L’exposition mêle ainsi tradition et prospective. Pour penser l’apiculture du futur, l’artiste, qui réfute la tendance à repartir d’une « page blanche », incite à s’inspirer des judicieux modèles dont regorgent les traditions vernaculaires. D’où ces ruches anciennes – objets ou photographies – appelées bru ou brusc en provençal, faites dans un tronc évidé, ou son matériel de chasseur de miel : échelle en bois, pieux en buis imputrescible pour l’escalade, corde à enfumer, etc. Ces savoirs et outils traditionnels voisinent avec des technologies sophistiquées de mesure et d’observation, parfois dignes de la science-fiction. Aladin Borioli met en place, en particulier, une étrange installation multimédia intitulée HIVE Index (Indices de ruche), fruit d’une collaboration avec le collectif d’artistes suisses Fragmentin, en forme de critique de l’utilisation des technologies numériques en apiculture. Composée d’une série de films et d’une « sculpture-manifeste », elle dénonce l’impact desdites technologies sur les relations entre apiculteurs et abeilles, et hausse sur le devant de la scène les ambivalences de notre relation au vivant : « Ce dispositif sculptural et performatif [expose] la brutalité et l’absurdité de l’utilisation actuelle des technologies mises au service d’un fonctionnement capitaliste », selon Aladin Borioli.
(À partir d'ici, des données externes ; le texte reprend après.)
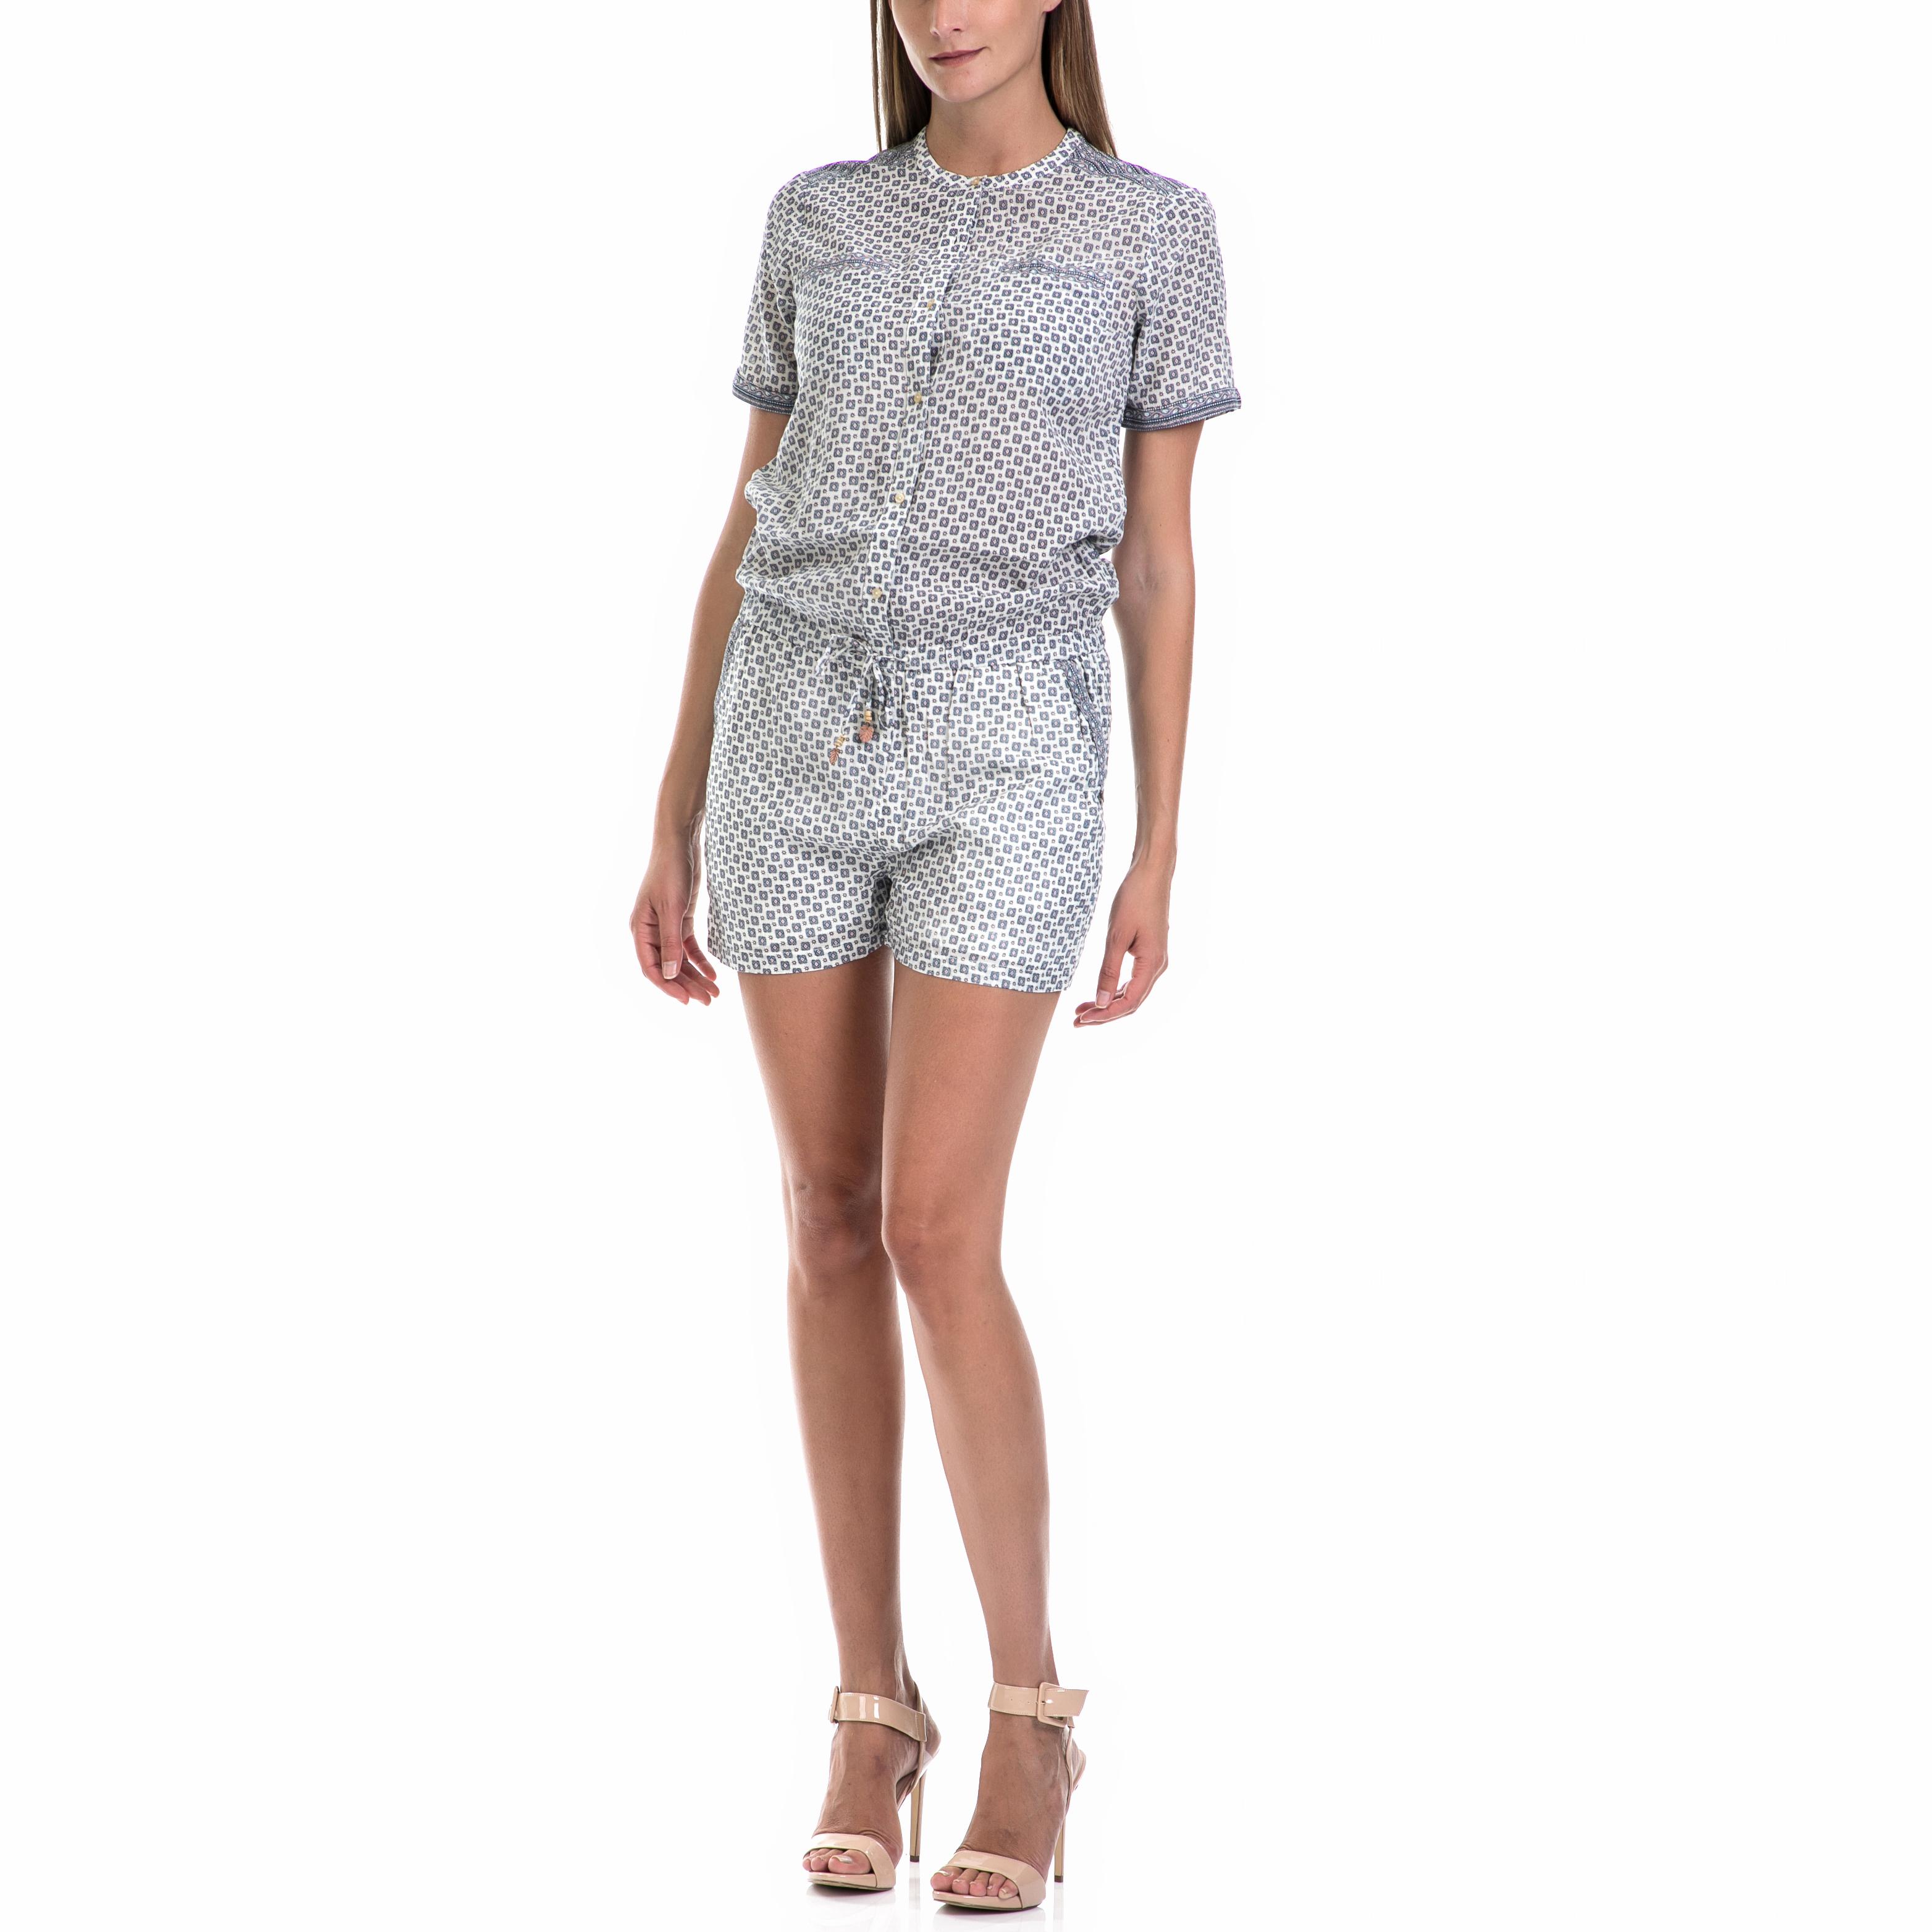 MAISON SCOTCH – Γυναικεία ολόσωμη φόρμα MAISON SCOTCH άσπρη-μπλε

Certains détails des installations font directement référence à des systèmes de récolte de données, comme la balance – l’un des capteurs les plus employés aujourd’hui en apiculture numérique – placée sous la ruche. Quatre grands « doigts » disposés en périmètre enserrent la balance telle une main mécanique géante. En lieu et place des empreintes digitales sont fixés des écrans LED simulant ceux des traders et diffusant des valeurs boursières hypothétiques. Un film tourné avec l’œuvre posée en pleine nature amplifie encore le contraste entre l’environnement extrêmement bucolique et cette haute technologie qui souligne, à dessein, l’absurdité du contexte actuel. « Une “ruche connectée”, du matériel géré par un laboratoire, un algorithme qui peut détecter, par exemple, les danses des abeilles, etc., il y a un côté Blade Runner 2049 ou agriculture postapocalyptique dans tout cela, reconnaît Aladin Borioli, mais c’est une manière d’inviter les gens à repenser la forme “industrielle” et “capitaliste” de la ruche. »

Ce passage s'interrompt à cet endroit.